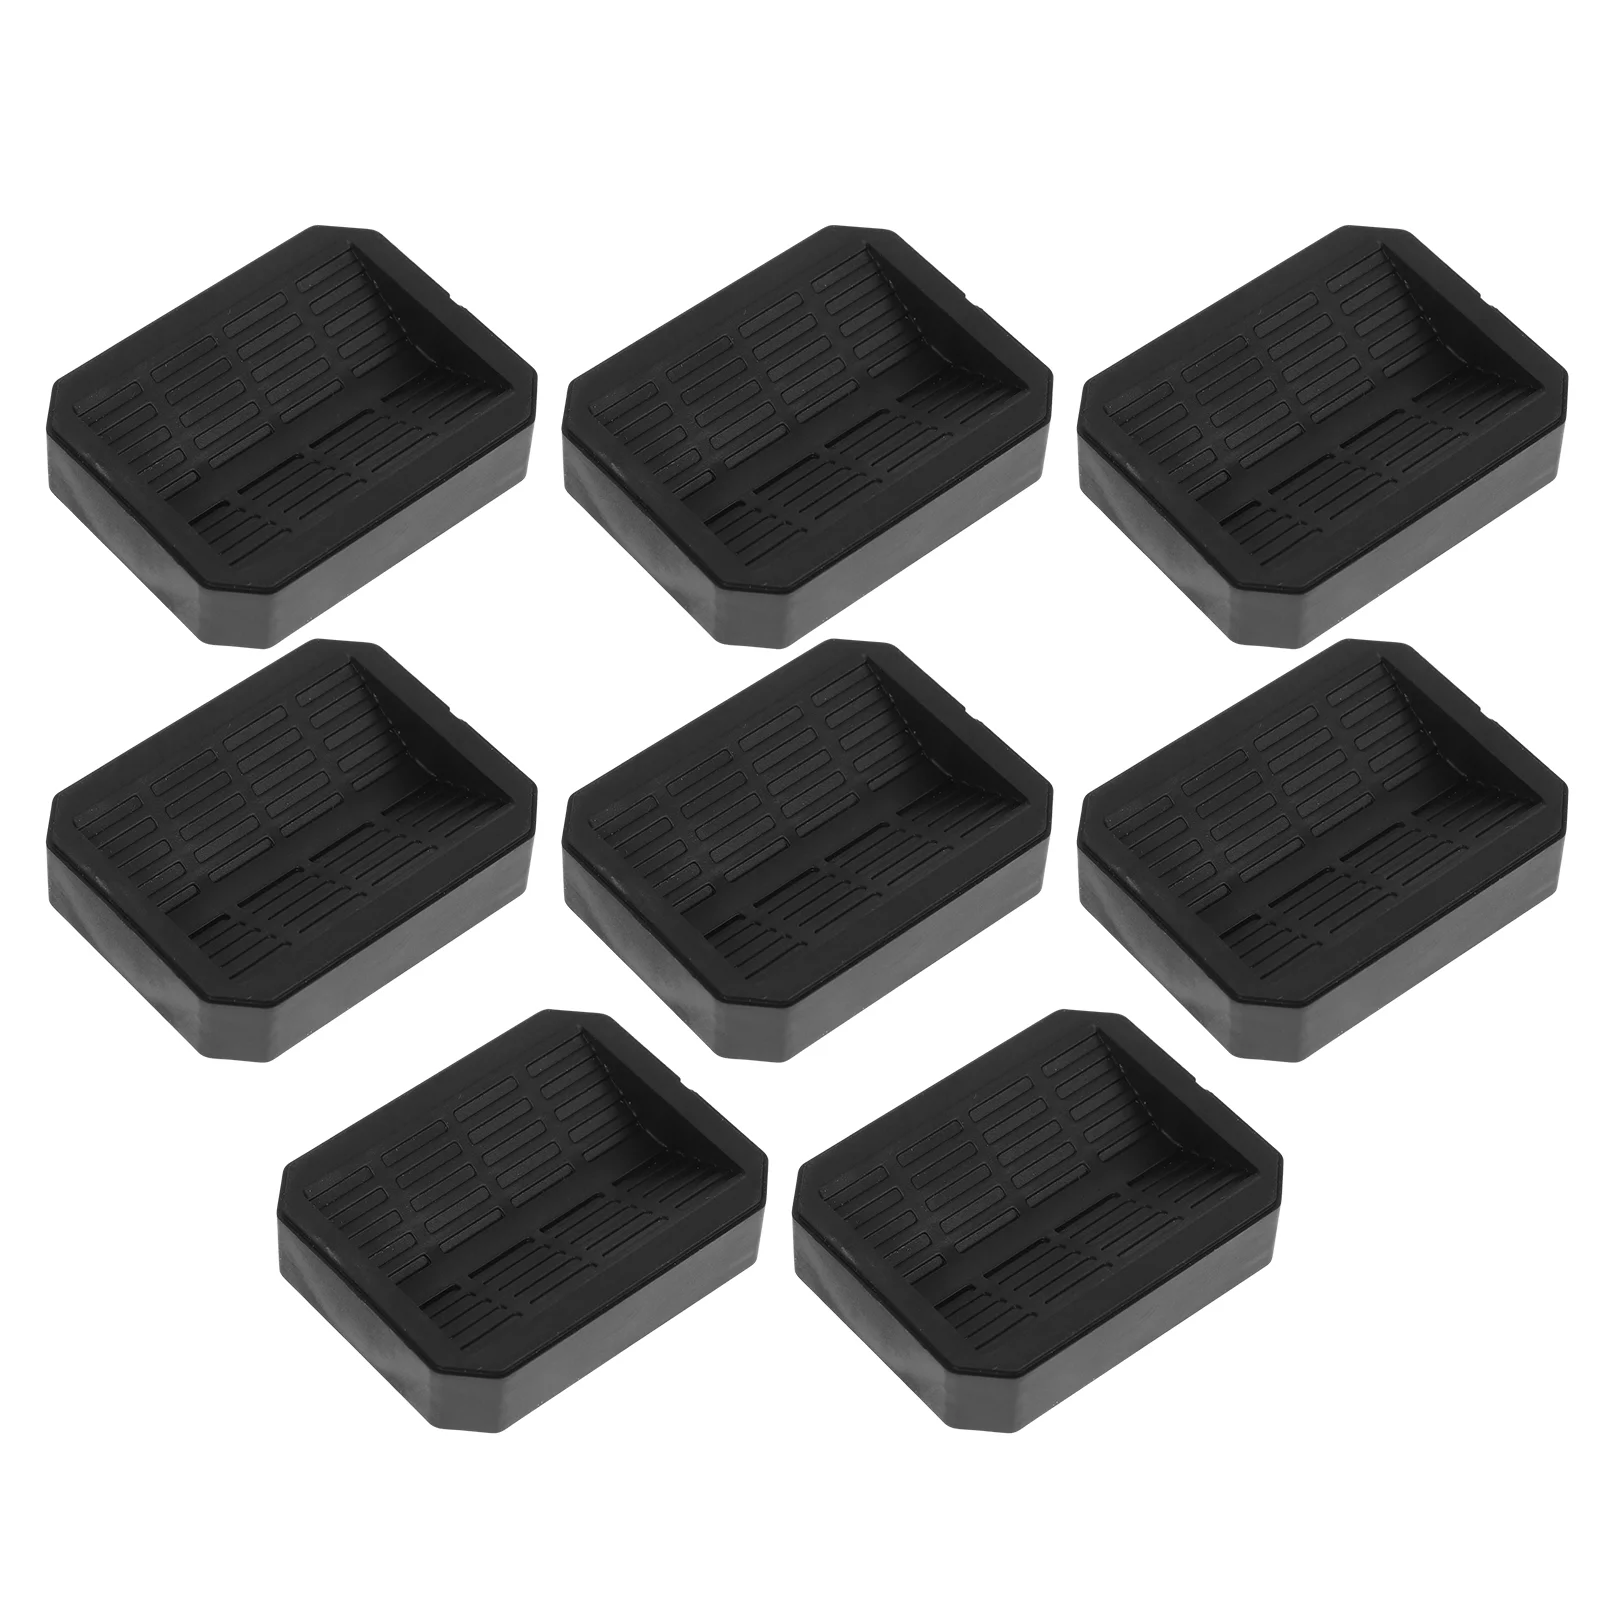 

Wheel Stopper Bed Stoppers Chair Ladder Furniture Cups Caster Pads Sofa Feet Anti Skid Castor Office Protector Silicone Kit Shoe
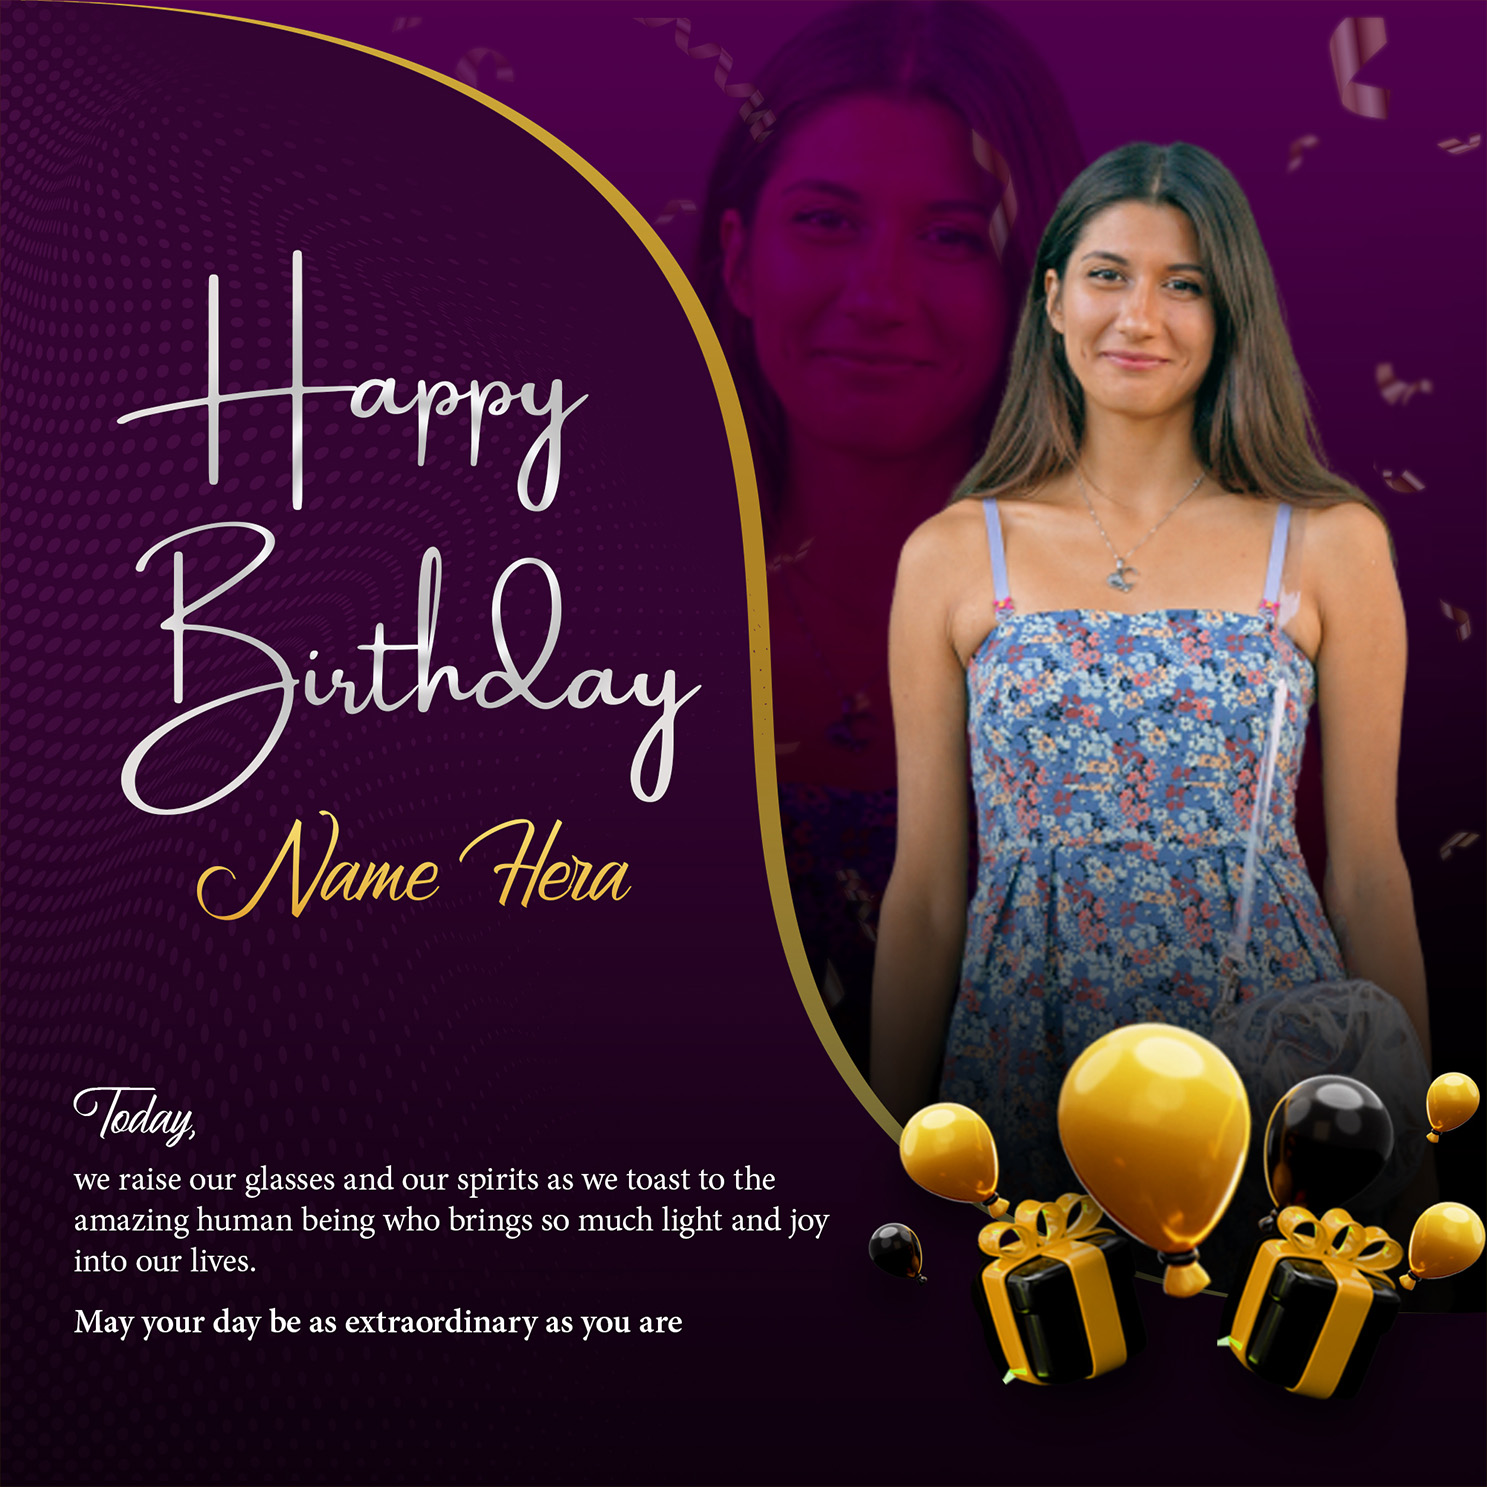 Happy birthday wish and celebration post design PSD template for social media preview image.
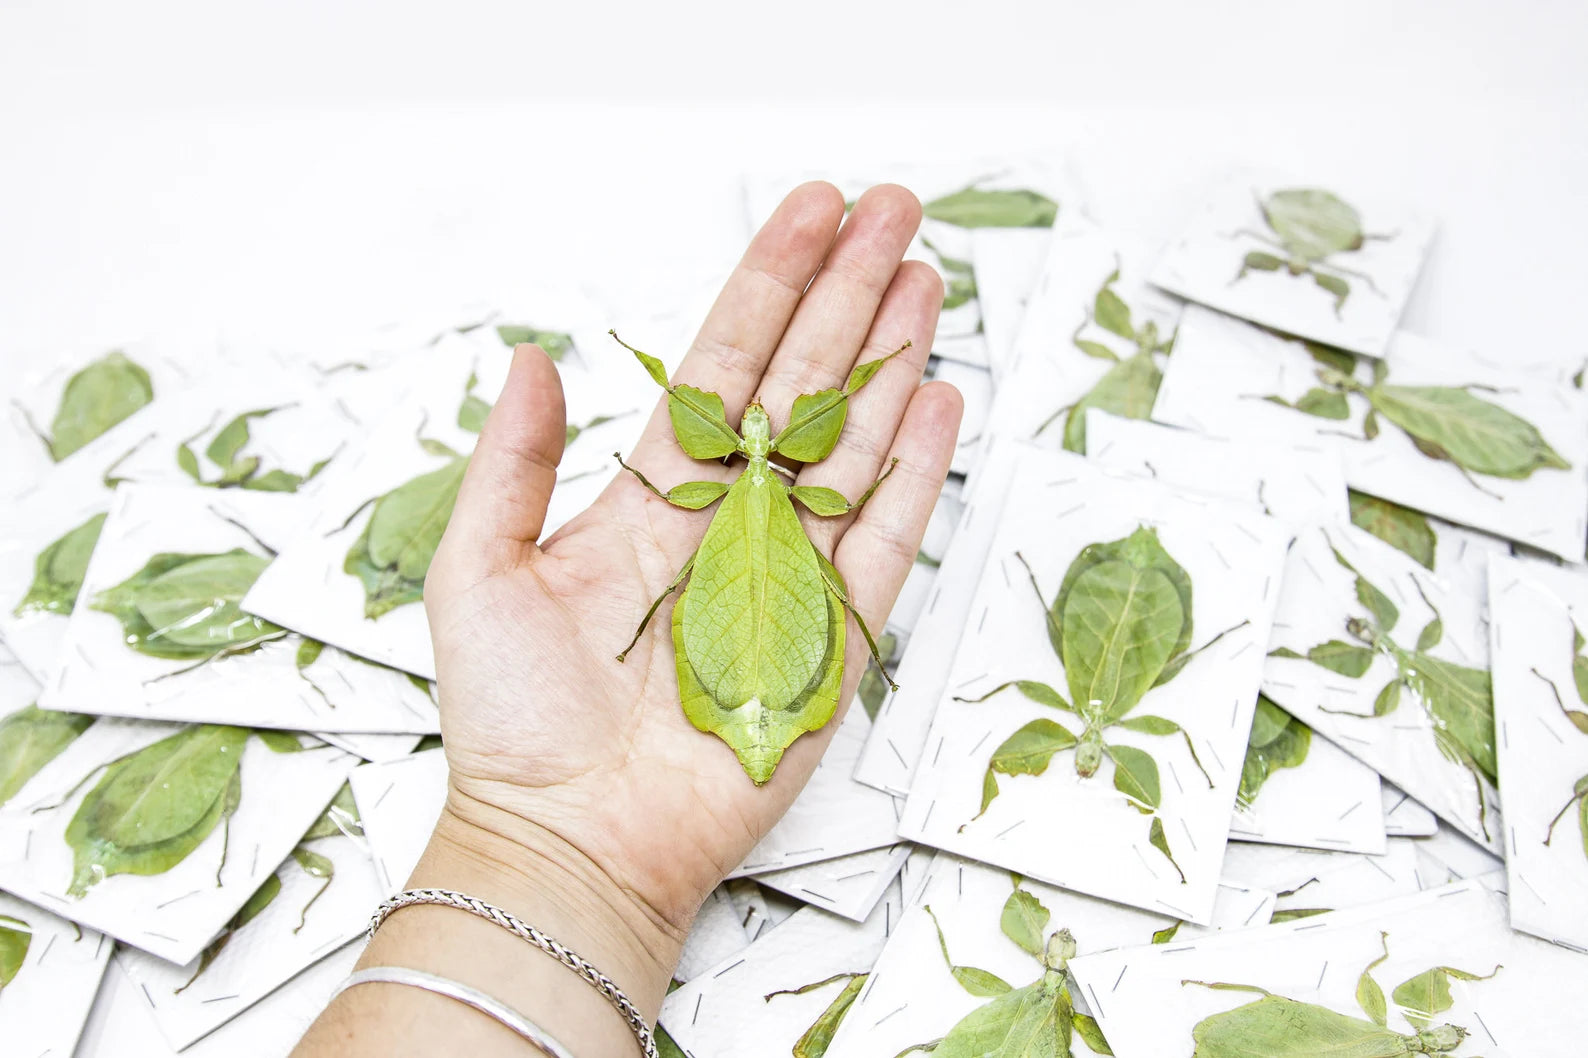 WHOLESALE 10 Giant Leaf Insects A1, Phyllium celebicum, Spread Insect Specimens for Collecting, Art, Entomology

[TASK ITEM]:
This task calls for the listing to be restated exactly, with images omitted.

[ANSWER AREA]:
Wheel Stopper Bed Stoppers Chair Ladder Furniture Cups Caster Pads Sofa Feet Anti Skid Castor Office Protector Silicone Kit Shoe
 Happy birthday wish and celebration post design PSD template for social media preview image.
 WHOLESALE 10 Giant Leaf Insects A1, Phyllium celebicum, Spread Insect Specimens for Collecting, Art, Entomology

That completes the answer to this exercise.